I’m not in any way, shape, or form condoning underage drinking but come on we have all done it. Let’s not be hypocrites.
So everyone has had those really crazy times in their lives right? The one’s where they are introduced to alcohol for the first time and obviously don’t know what limits are or even knew they existed. We want to be able to keep our liquor and make it seem like this isn’t in fact our first time. Whether it was underage or as an adult legally. That or I felt “unleashed” the day my father told me to come home, “Not too late”. The night was mine and I made sure to do everything I had been wanting to do since High School.
You see my parents were strict so I didn’t get the green light until I graduated High School. I was literally only allowed to go to High School football games and that it. My best friend was in the dance team for my High School and she would have the major hook ups for where to be Friday nights after football games. But ‘no’ was always the answer when I asked. I just noticed I said, “High School” like ten times already. You get it, my high school years were spent just going to school and occasionally going to games. That’s it. All though I didn’t really get to do much out of school with my classmates I still consider high school to be the best four years of my life.
Those four years I learned about a lot of things, obviously. I felt what love was for the first time and I also learned about heartbreak. I learned who was my friend and who wasn’t. I might not have had a whole lot of friends but the five girls that I called as “Best Friends” made my four years so amazingly great.
Sadly, I no longer keep in touch with all but two. I follow the rest on social media but we don’t really “talk” how we used to. And I’m completely fine with that. We’re meant to grow and sometimes it’s not with each other. But I see they’re all living happy lives with their children. We’re all moms.

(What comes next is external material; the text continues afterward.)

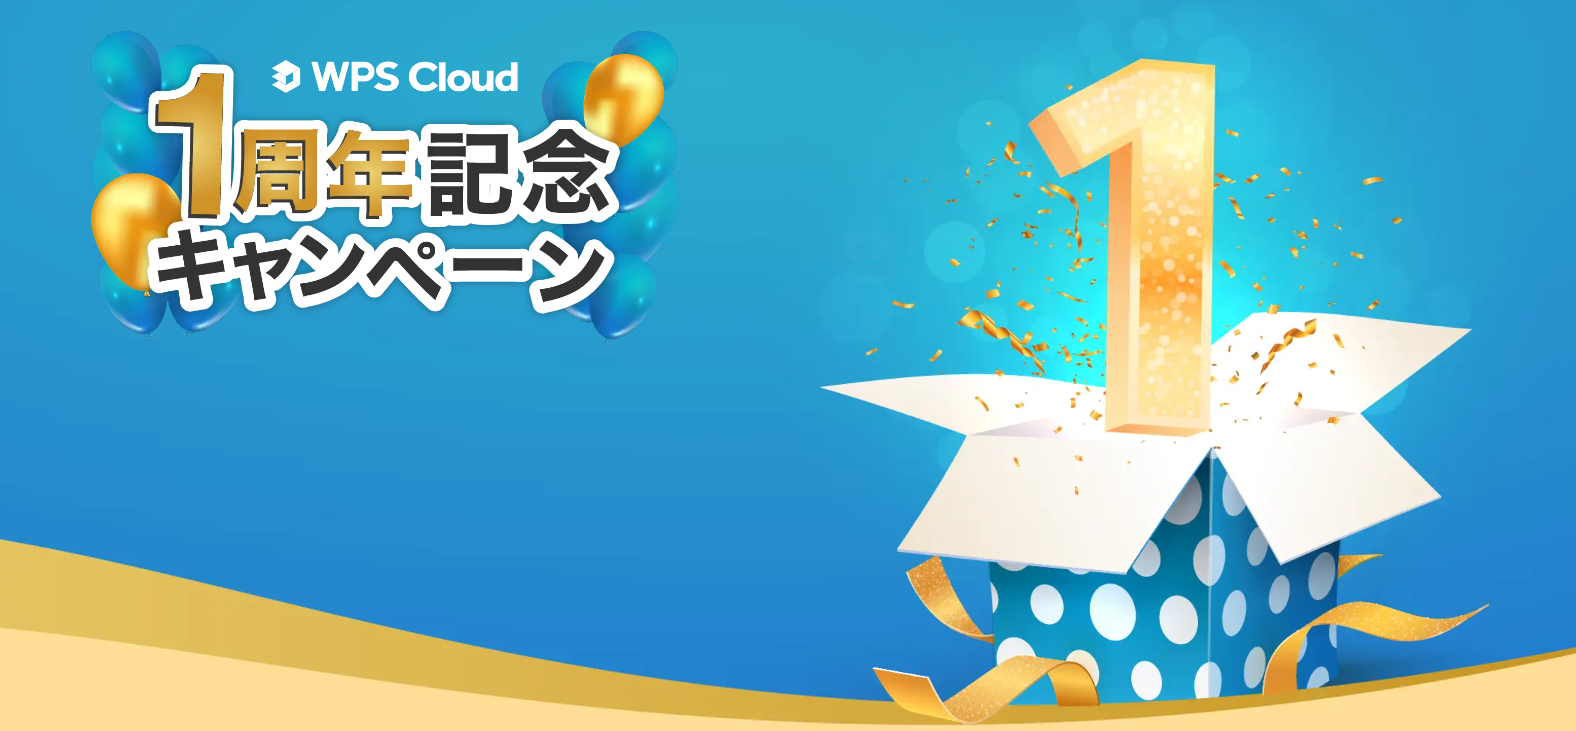 キングソフトのオフィスクラウドサービス「WPS Cloud」がリリースから1周年を記念してキャンペーンを実施

Earlier I was driving and I remembered a house we used to always visit to drink and listen to escessively loud music indoors and sometimes outside. I find myself looking for THAT house every time I pass by that street and it takes me back to sweet nostalgia. The nights spent with people I barely graduated high school with and the best friend that stuck around to this day. It happens with two other houses. Each time I wonder who lives there now and if they only knew what went down a few years ago in the same place.
The garage where we would drink illegally and listen to music and play beer pong comes to mind a lot. We were too young to be out at bars so that was our getaway. The same place where we discovered Four Lokos, they seemed like they tasted OK at first but little did we know that they would creep up to us and FAST. The same place where I took one too many shots of Malibu. The one liquor that I’m not longer able to drink because of those nights. Or the Grey Goose my best friend can’t even smell because of an excess amount of shots on her birthday. They’ve left scars, but the scars we like to tell people about.
We all need those nights. The nights when we have no responsibilities and our only major real problem was which drink we were going to drink for the night. These rebel nights are needed to learn not to over due it as an adult and get into real big trouble with the law. The nights we meet new people. They might not stick around long but when you see them at the mall or at a public place and exchange looks you know that they know the same thing you’re thinking. The night you all raged face happily enjoying your drink in your hand not a worry in mind.
Do remember these times. The times where you were truly young and naive and just wanted to have fun. And when you had the chance you would make damn sure that you would take advantage of the short time you had with these people. It doesn’t matter if it was just sitting on a couch talking shit with a drink in your hand in a cold ass garage. Those are the best memories I love to think of every now and then. The many pictures we all took with slightly small sleepy eyes from the alcohol but our smiles big as can be. And if you who was part of that group and part of those nights are reading this right now smiling, thank you. Thank you for making my nights wild and free!
Because of those nights, I’ll have what I did in mind for when my daughter is around the same age and asks if she can go out. My mother once picked me up from a party drunk as a skunk and after that I’m sure she knew I’d be getting drunk every Friday or Saturday night I asked permission to go out with my friends. None the less she still let me go out. I’m sure she experienced that era in her life too.
Did you ever have a time where nothing mattered and you felt free and truly happy?